Rencontre avec... Pierre-Maxime Duminil, directeur général de Cavamac (Caisse d'allocation vieillesse des agents généraux)

« La gestion flexible permet de redonner un caractère tactique »

le 12/03/2015 L'AGEFI Hebdo

« La gestion flexible permet de redonner un caractère tactique »
Pierre-Maxime Duminil, directeur général de Cavamac (Caisse d’allocation vieillesse des agents généraux)
(DR)

Quel est votre intérêt pour la gestion flexible ?

Afin de capter les meilleures performances sur chacune des classes d’actifs grâce à une sélection des gérants, nous avions réorganisé notre gestion d’actifs en 2008 autour de fonds dédiés « purs » en obligations euro, actions euro, obligations convertibles et actions internationales, selon une allocation stratégique avec 45 % d’actions et 45 % d’obligations. Nous avions sélectionné deux ou trois gérants spécialisés dans chaque classe d’actifs afin de les mettre en compétition. Cela nous a offert un très bon niveau de performance depuis six ans, avec un rendement annuel réel de 7 % hors inflation, mais pas la possibilité d’éviter les crises de 2008 et 2011. C’est pour avoir plus de souplesse sur ce portefeuille global de 1,2 milliard d’euros, et lui redonner un caractère plus « tactique », que nous avons proposé en 2011 à notre commission des placements d’ajouter une poche de gestion flexible, pour environ 10 % du portefeuille.

Comment avez-vous organisé cette gestion ?

Après appel d’offres, nous avons créé deux fonds dédiés avec deux gérants flexibles – toujours pour pouvoir les comparer et les suivre. Nous avons choisi deux véhicules « fonds de fonds », là encore pour pouvoir investir via des gérants spécialisés sur les classes d’actifs visées : actions, obligations, monétaires, convertibles... Nous leur avons fixé des contraintes : un peu plus souples en termes de rating, plus rigides en termes de perte maximum (« max drawdown » de 10 % sur un an glissant) et de volatilité. Nous sommes satisfaits des performances (24 % sur trois ans, avec une volatilité inférieure à 4 %), supérieures à l’objectif (Eonia +4 %) même si, sur la période, nos fonds « purs » ont mieux profité des rallys sur les actions et les obligations. Nous pourrions augmenter cette allocation tactique « flexible » jusqu’à 20 % de notre actif à l’avenir.

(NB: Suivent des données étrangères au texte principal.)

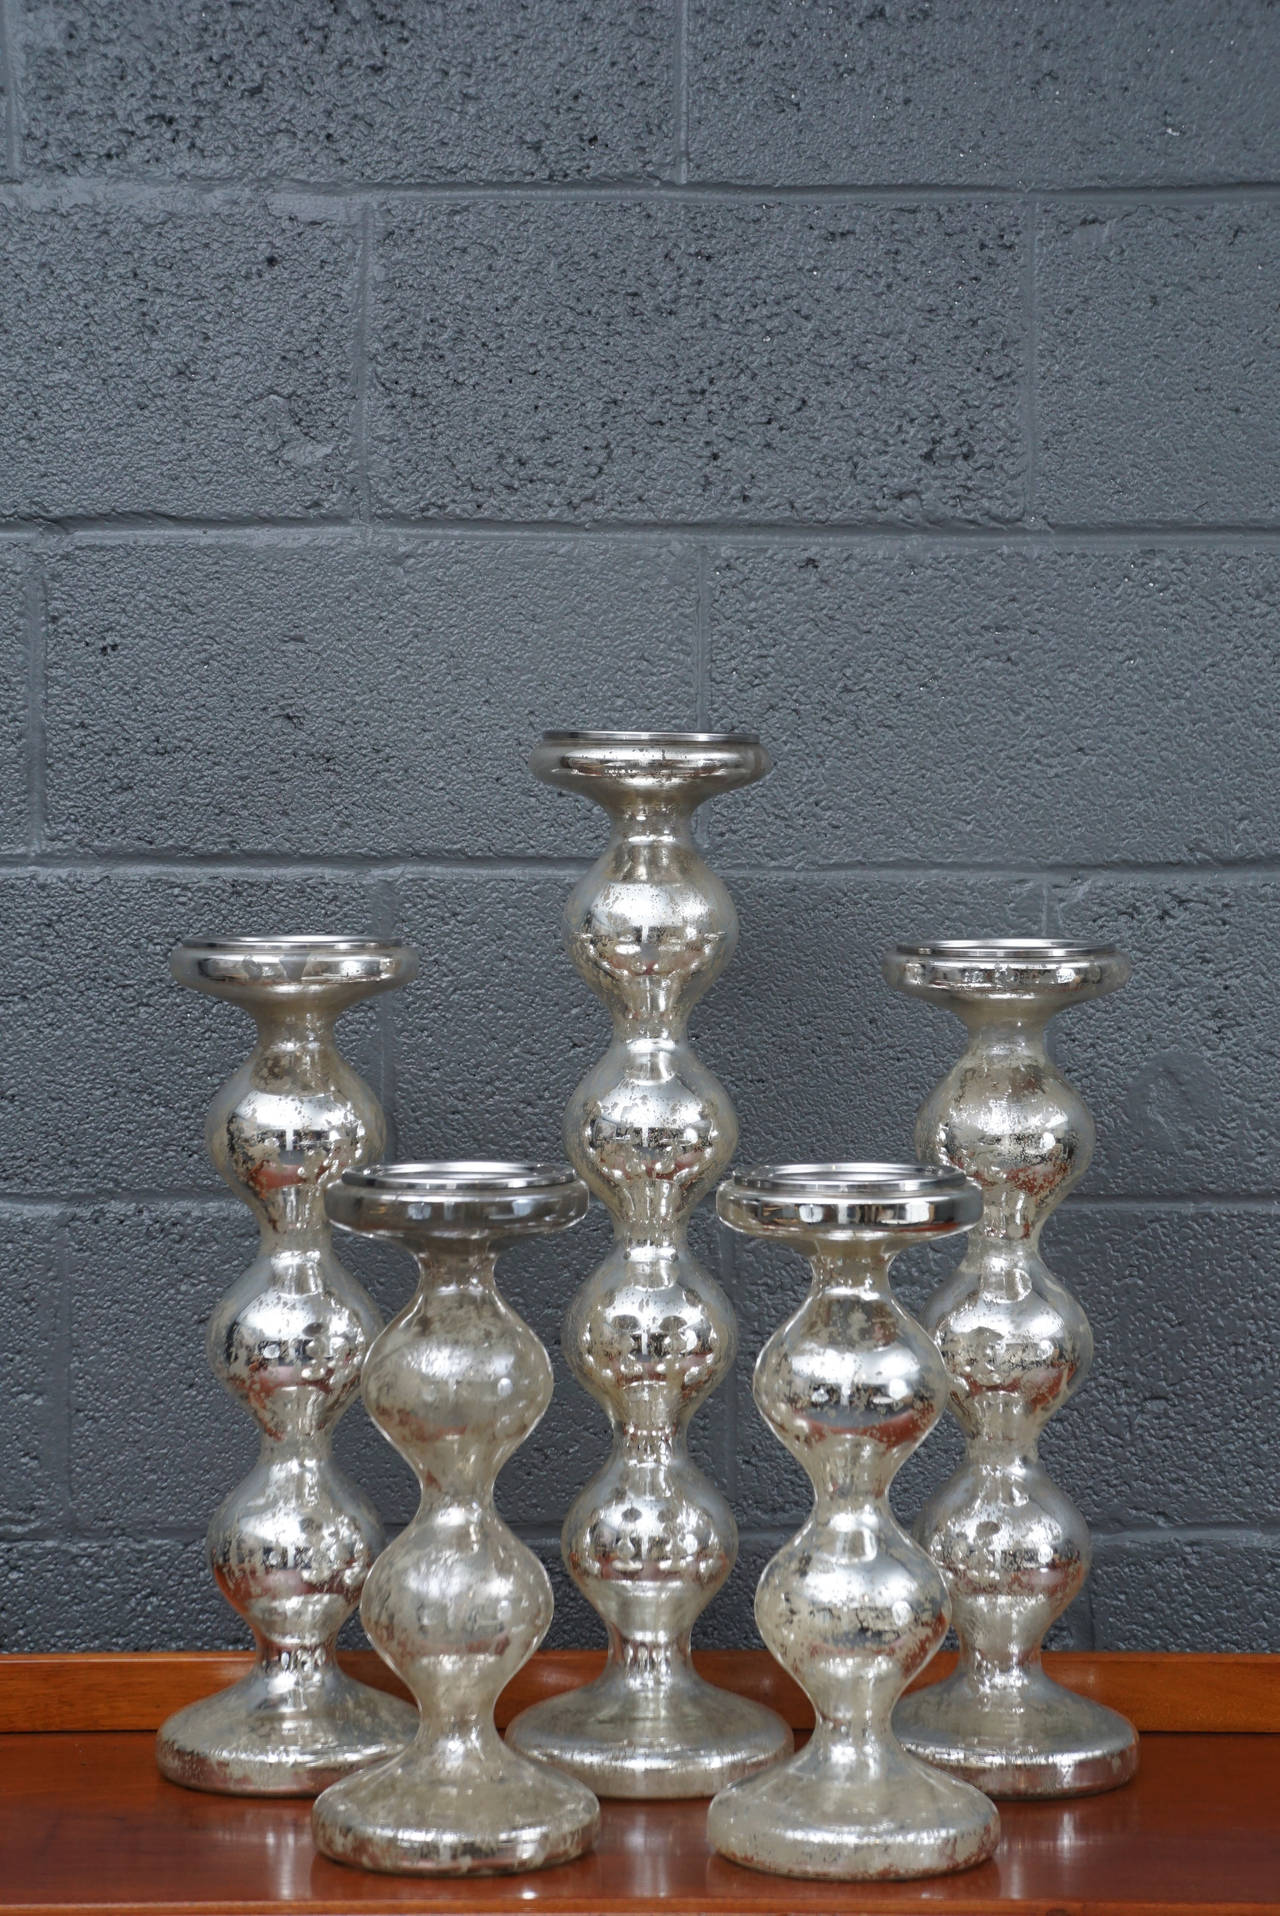 Five beautiful mercury glass candlesticks. A lovely collected arrangement.

Une souplesse nécessitée par des contraintes de passif ?

Ce n’était pas notre objectif. Après quinze ans d’investissement, nous sommes certes entrés dans une phase « neutre », avec des besoins de trésorerie mais pas encore de liquidités nécessitant de « consommer » nos réserves. Du fait d’une démographie des agents d’assurance défavorable, nous devrons cependant réorganiser notre allocation stratégique en 2016, ce qui sera l’occasion de s’appuyer sur cette allocation flexible.